2007 HSBC World Match Play Championship

Tournament information
- Dates: 11–14 October 2007
- Location: Virginia Water, Surrey, England
- Course(s): Wentworth Club
- Tour(s): European Tour
- Format: Match play – 36 holes

Statistics
- Par: 72
- Length: 7,308 yards (6,682 m)
- Field: 16 players
- Prize fund: £1,660,000
- Winner's share: £1,000,000

Champion
- Ernie Els
- def. Ángel Cabrera 6 & 4

= 2007 HSBC World Match Play Championship =

The 2007 HSBC World Match Play Championship was the 44th HSBC World Match Play Championship played and the 4th time played as an official European Tour event.
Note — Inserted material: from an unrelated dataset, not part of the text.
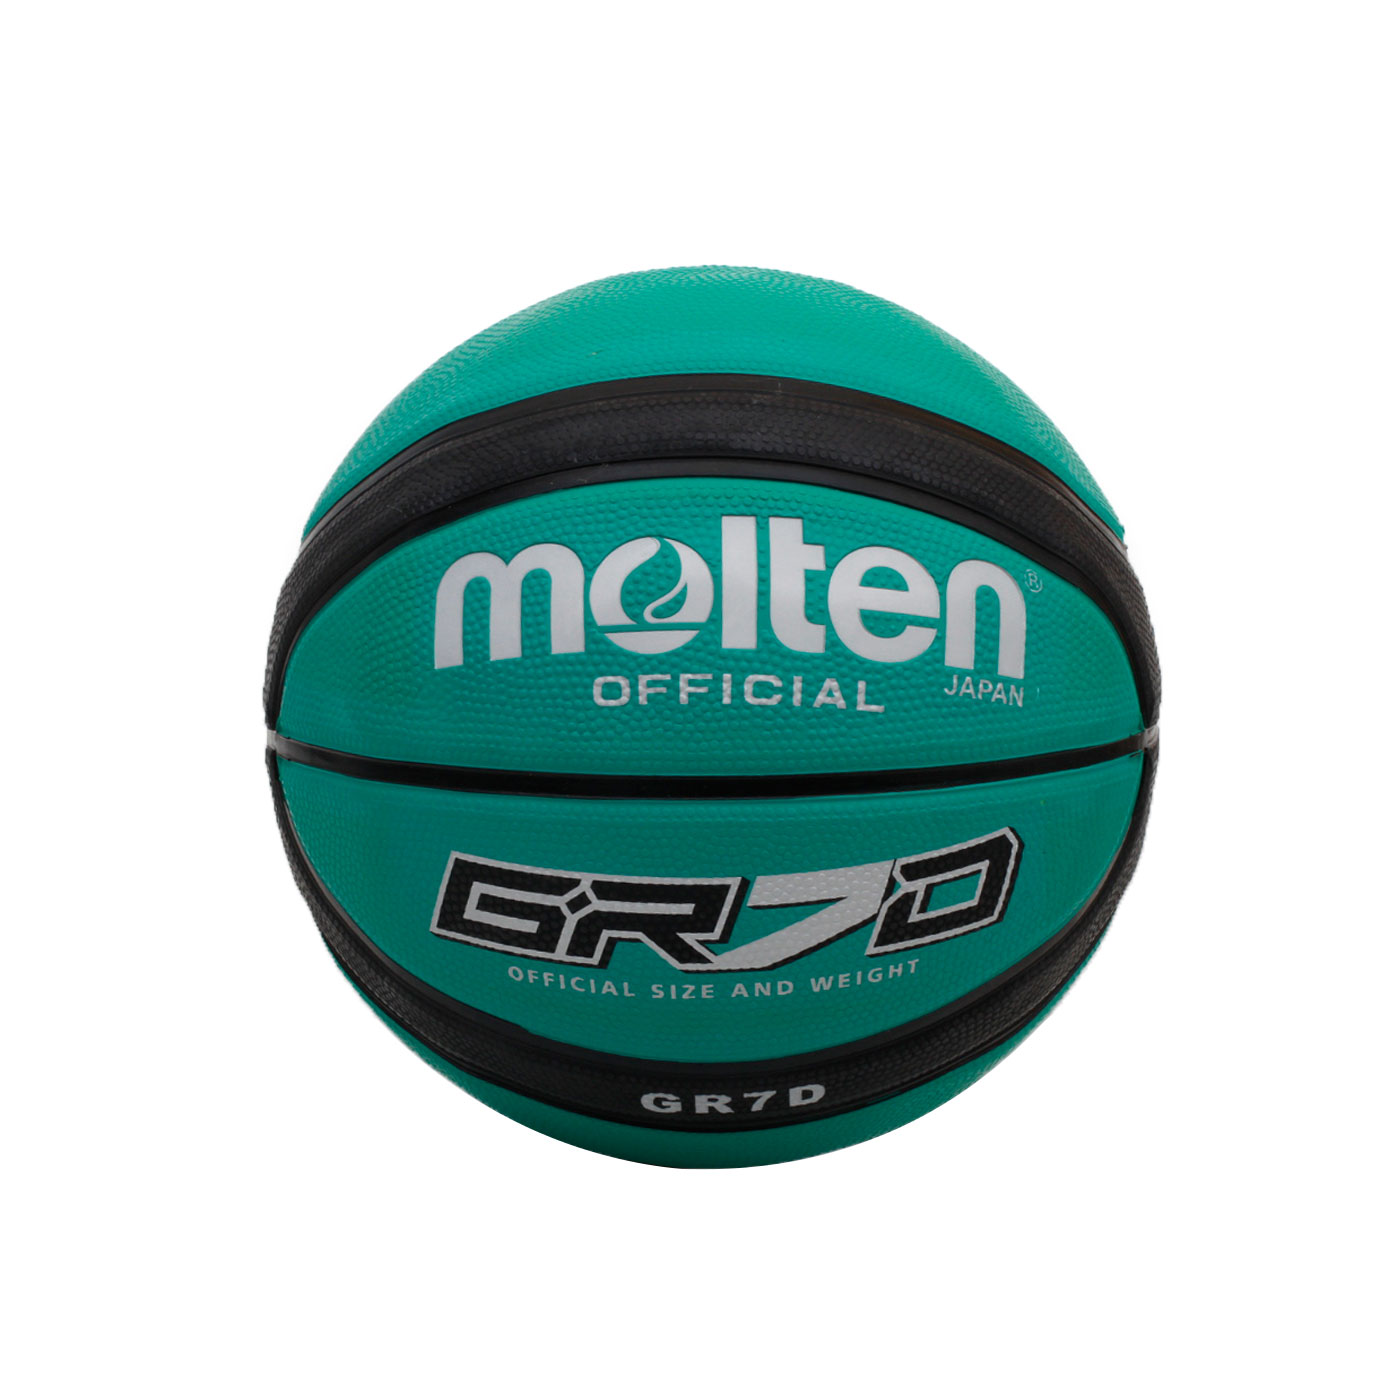 Molten 12片橡膠深溝籃球 BGR7D - 綠黑

It was from 11 October to 14 October at The Wentworth Club. The champion received €1,443,830 (£1,000,000 or $2,042,513.20) making it the biggest first prize in golf. Each match was played over 36 holes. Ernie Els defeated Ángel Cabrera 6&4 in the final to win the tournament for the 7th time.

==Qualification==
1. Defending champion: Paul Casey

2. World #1 from the Official World Golf Rankings as of 1 January 2007: Tiger Woods (declined invitation)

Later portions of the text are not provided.